Reproduce the data in full, exactly as given, leaving images out.

:: Supplied information

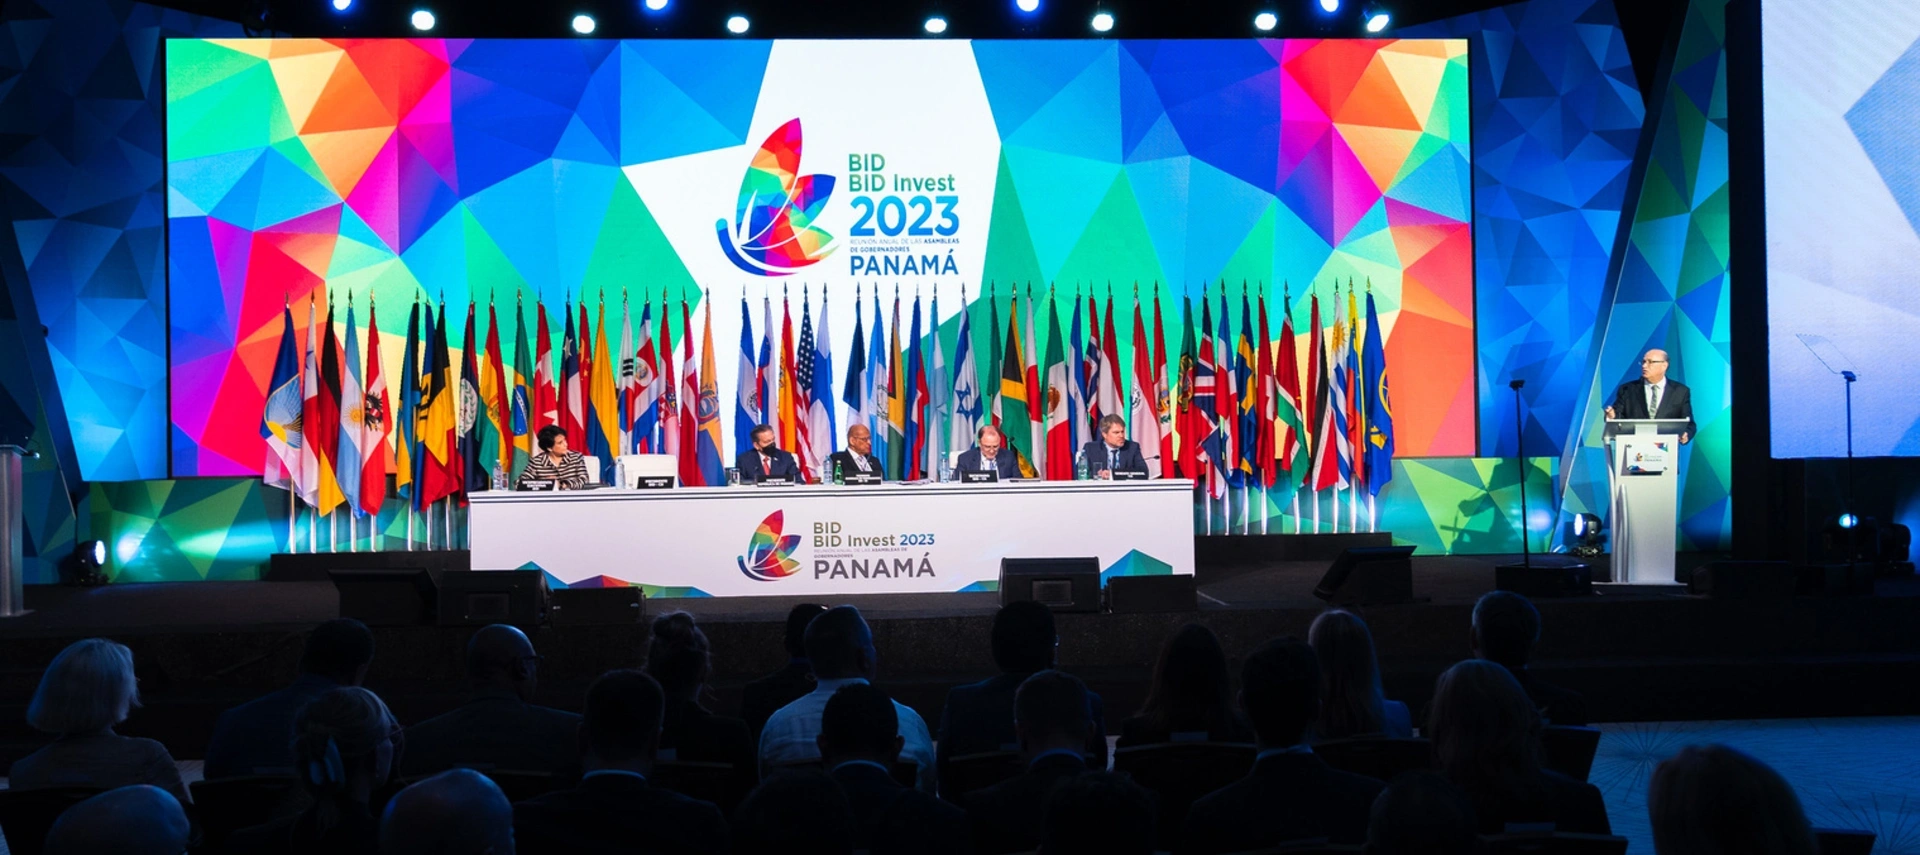 Annual Meeting concludes in Panama
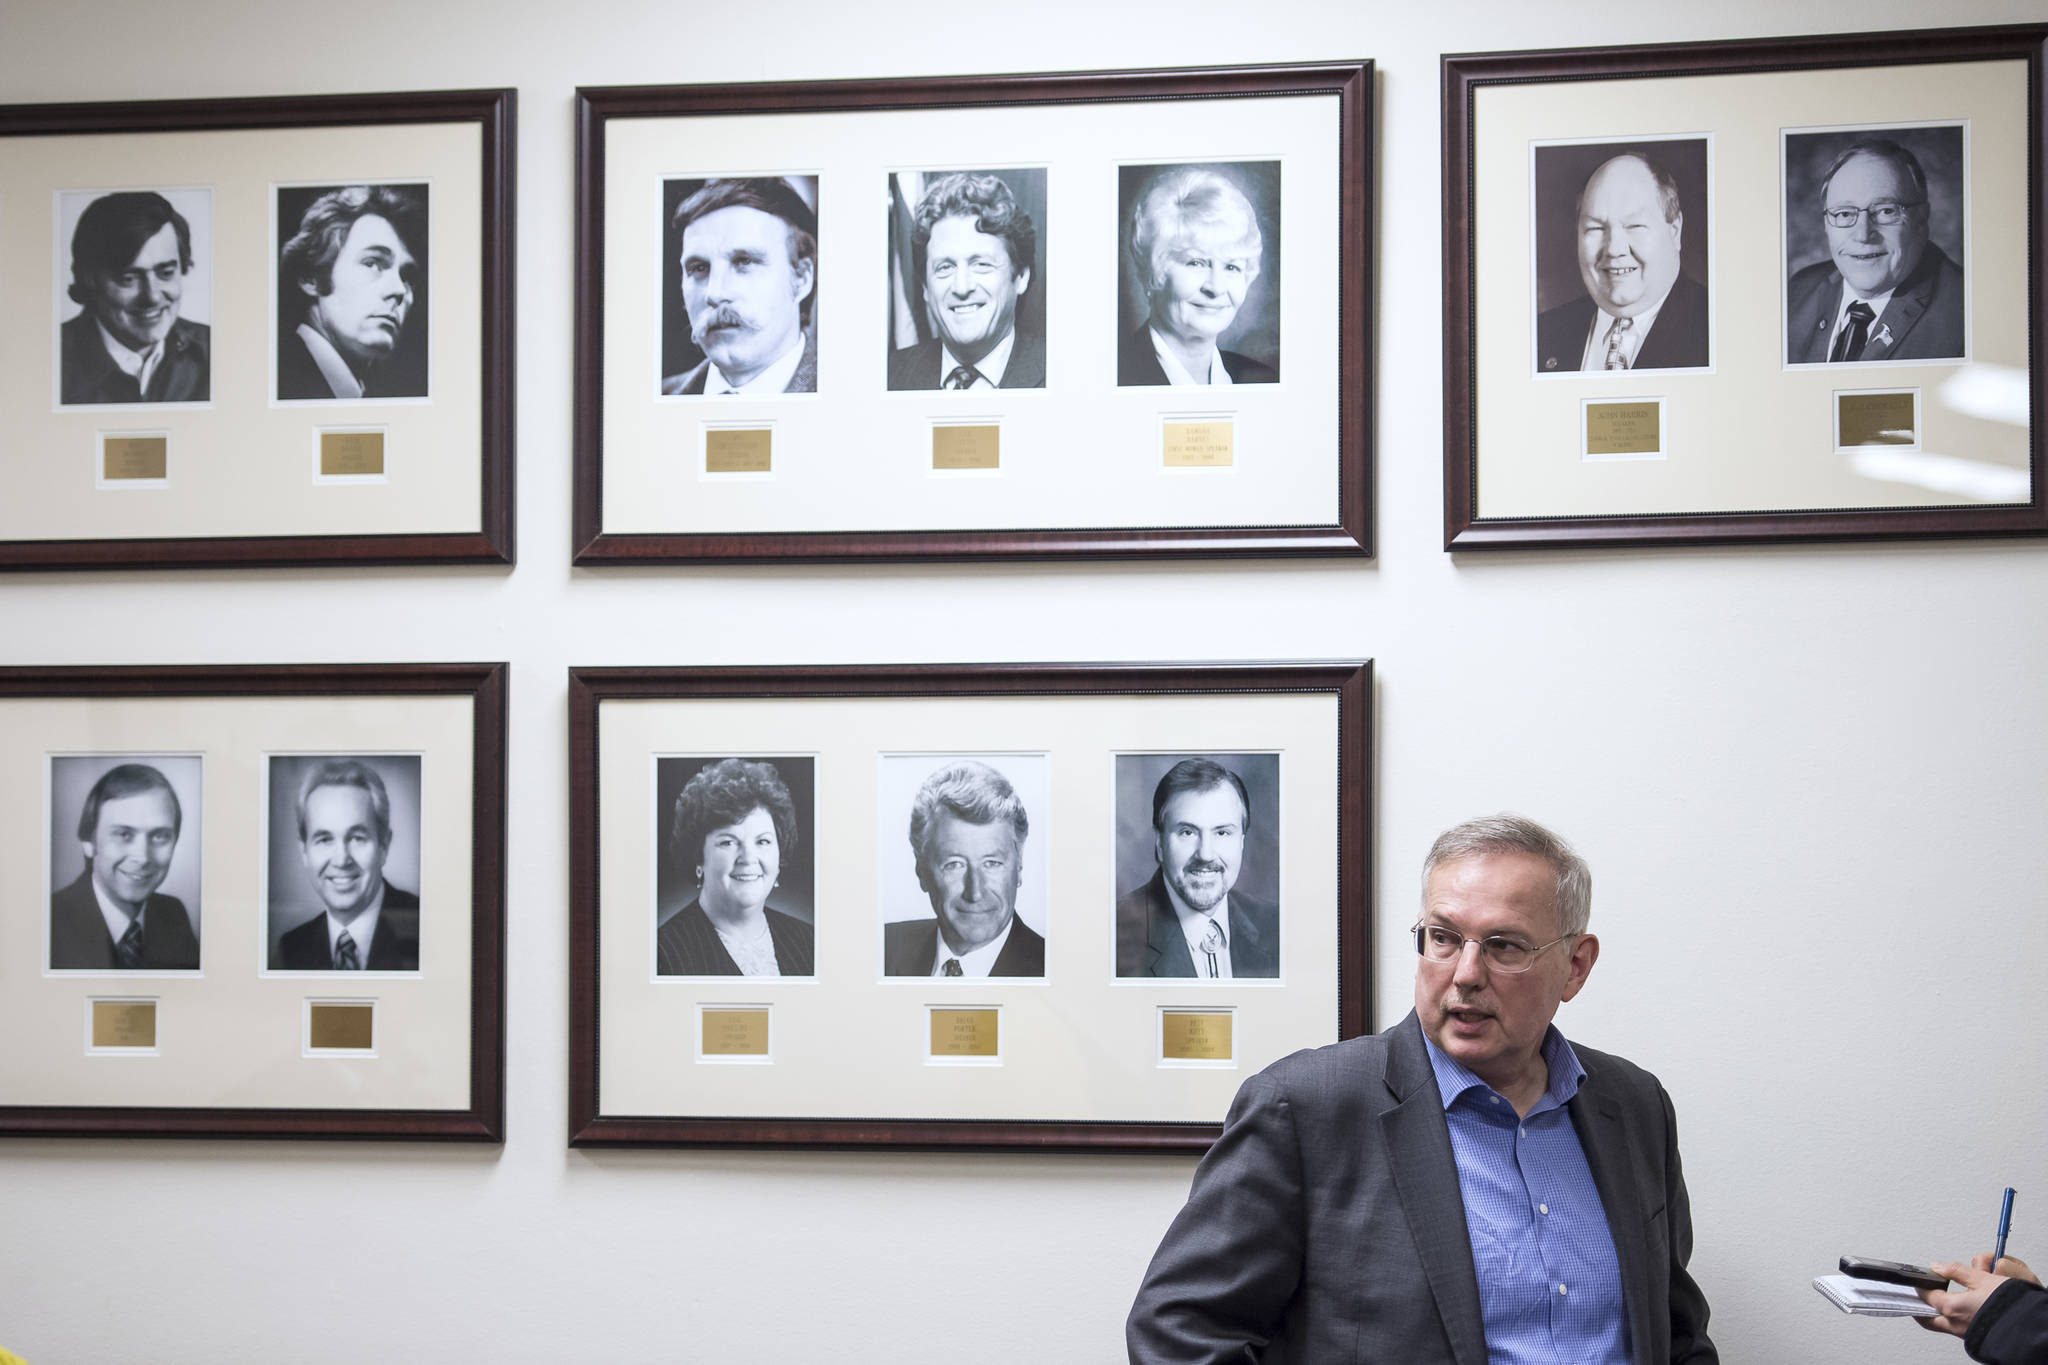 Former Speaker of the House Bryce Edgmon, D-Dillingham, is interviewed in front of pictures of former Speakers at the Capitol on Wednesday, Jan. 16, 2019. (Michael Penn | Juneau Empire)
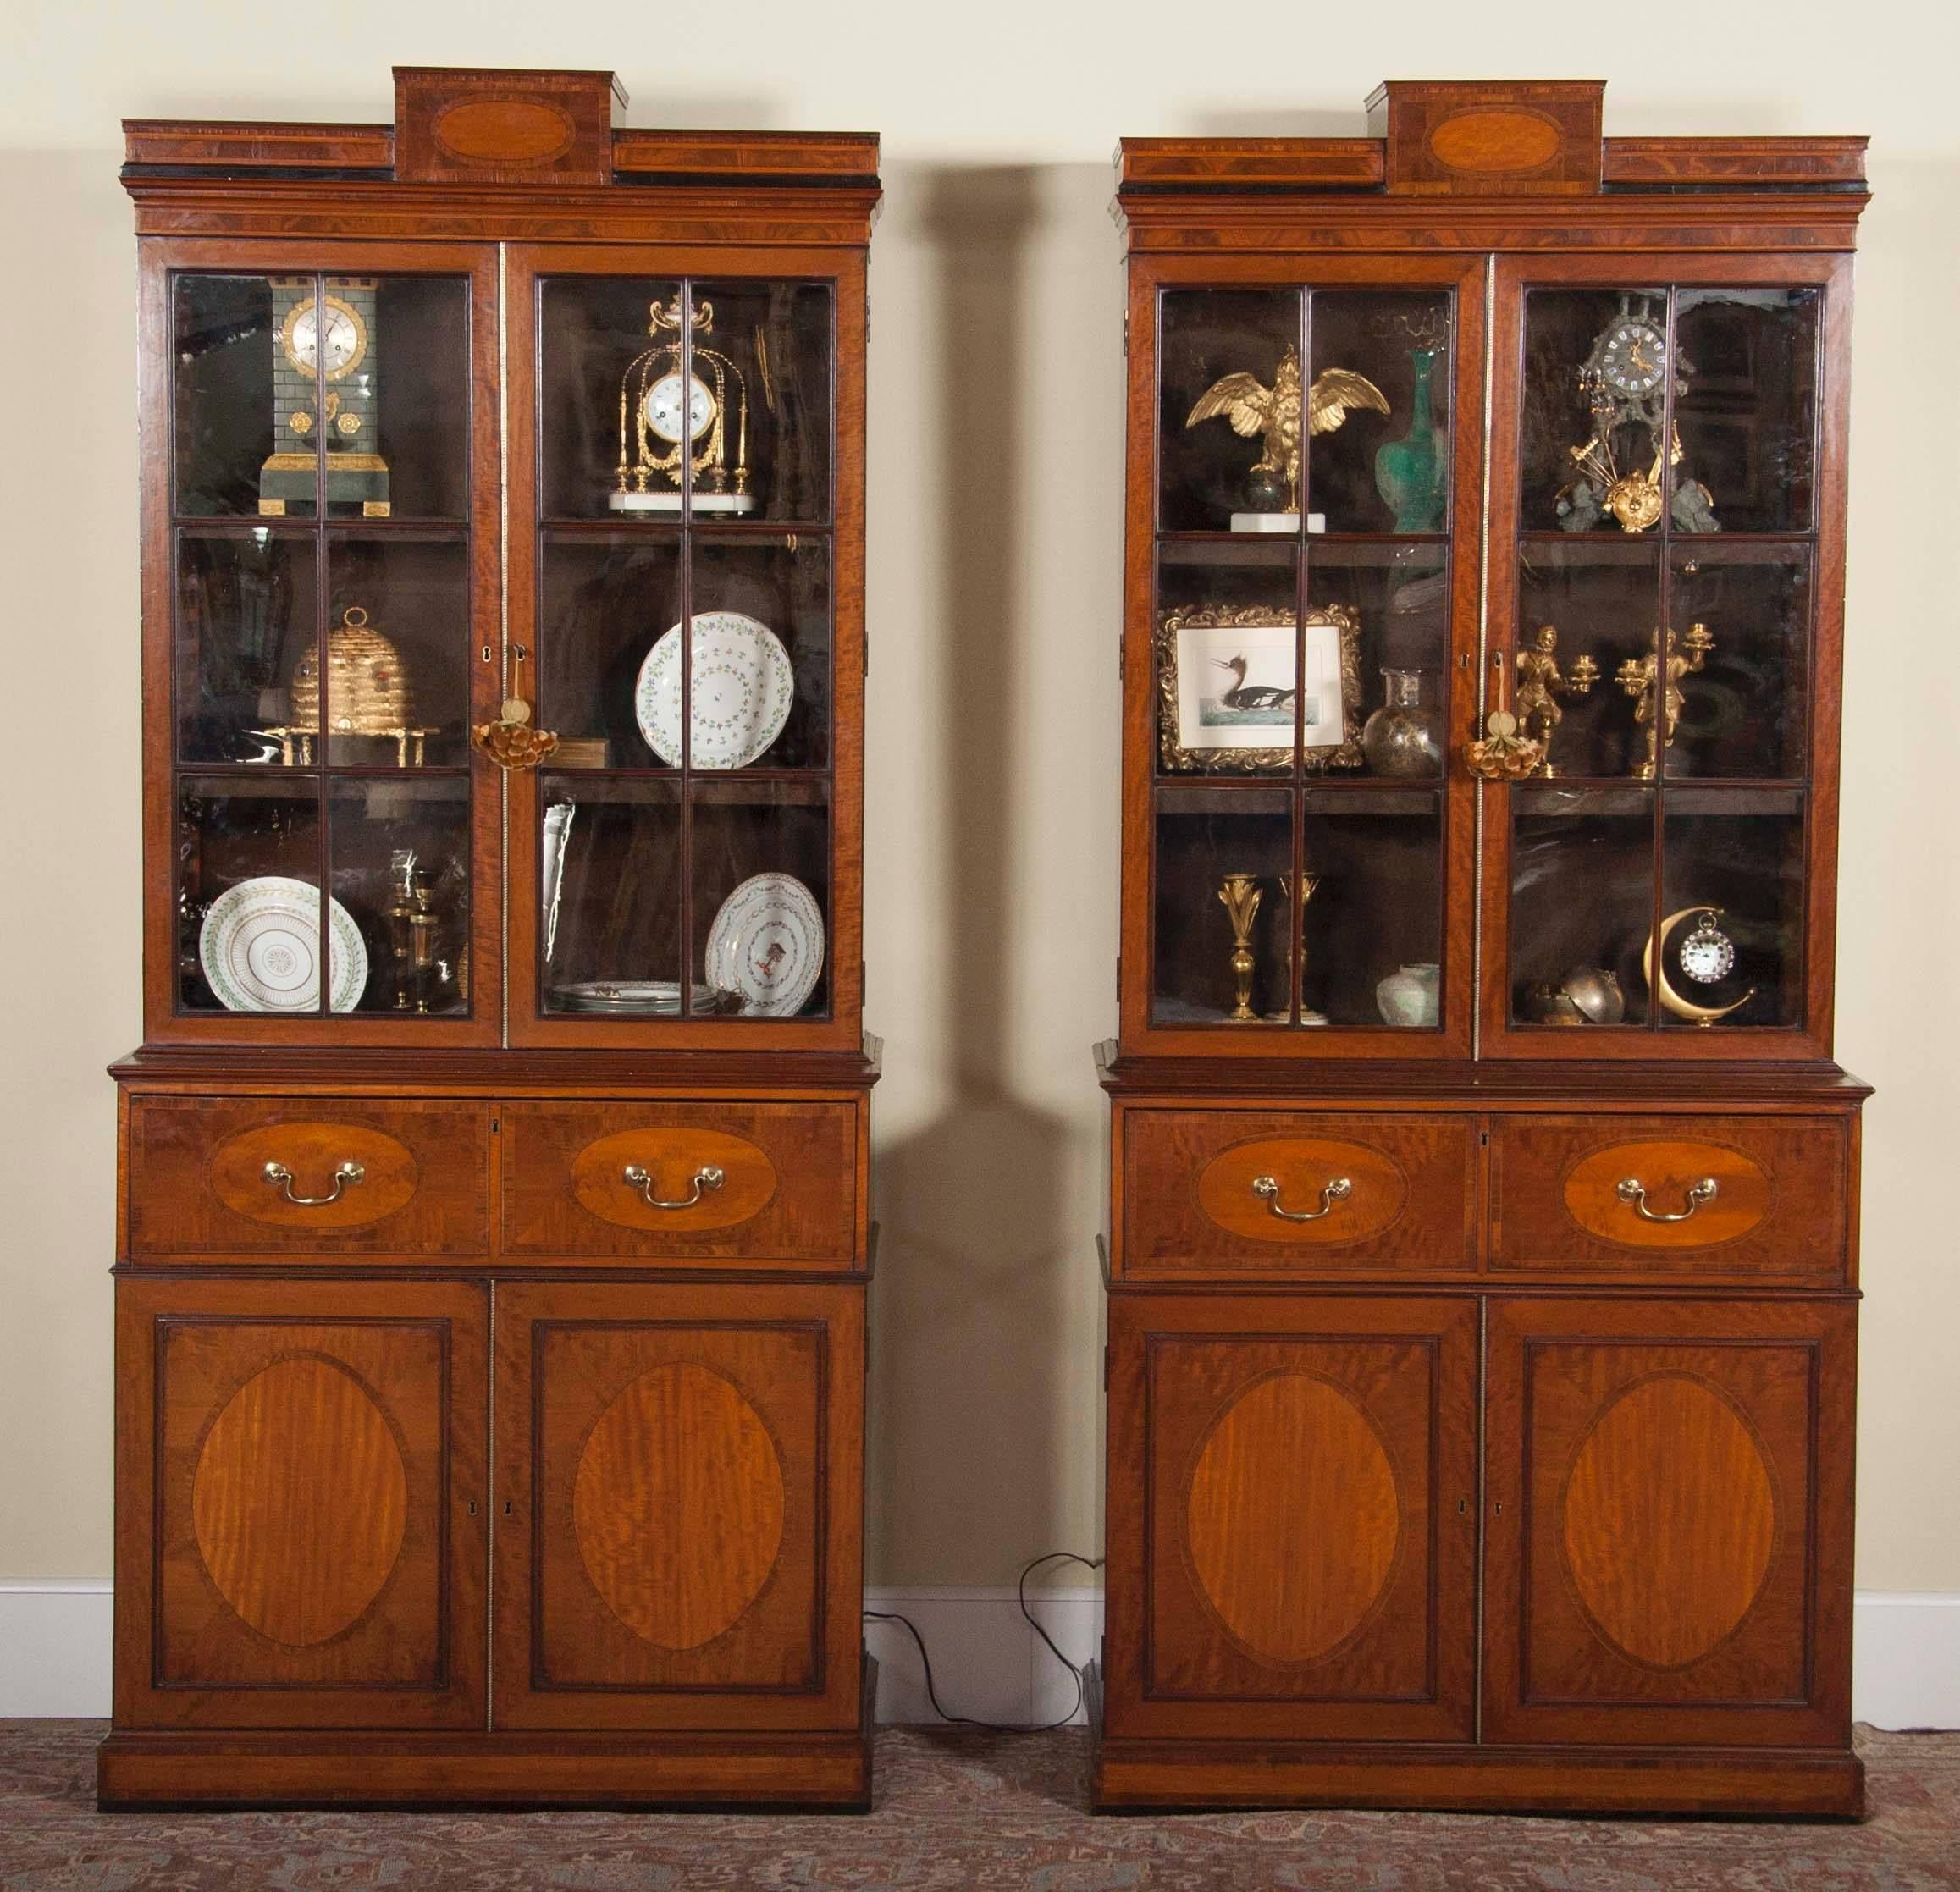 A rare near pair of English Regency period secretary or bookcases with rosewood, ebony, mahogany and satinwood inlay. The fitted drawers in the fall front are slightly different in color as is the leather inside. The number of rings turned in the

::::

_Exercise result_
 Annual Meeting concludes in Panama
 Former Speaker of the House Bryce Edgmon, D-Dillingham, is interviewed in front of pictures of former Speakers at the Capitol on Wednesday, Jan. 16, 2019. (Michael Penn | Juneau Empire)
 A rare near pair of English Regency period secretary or bookcases with rosewood, ebony, mahogany and satinwood inlay. The fitted drawers in the fall front are slightly different in color as is the leather inside. The number of rings turned in the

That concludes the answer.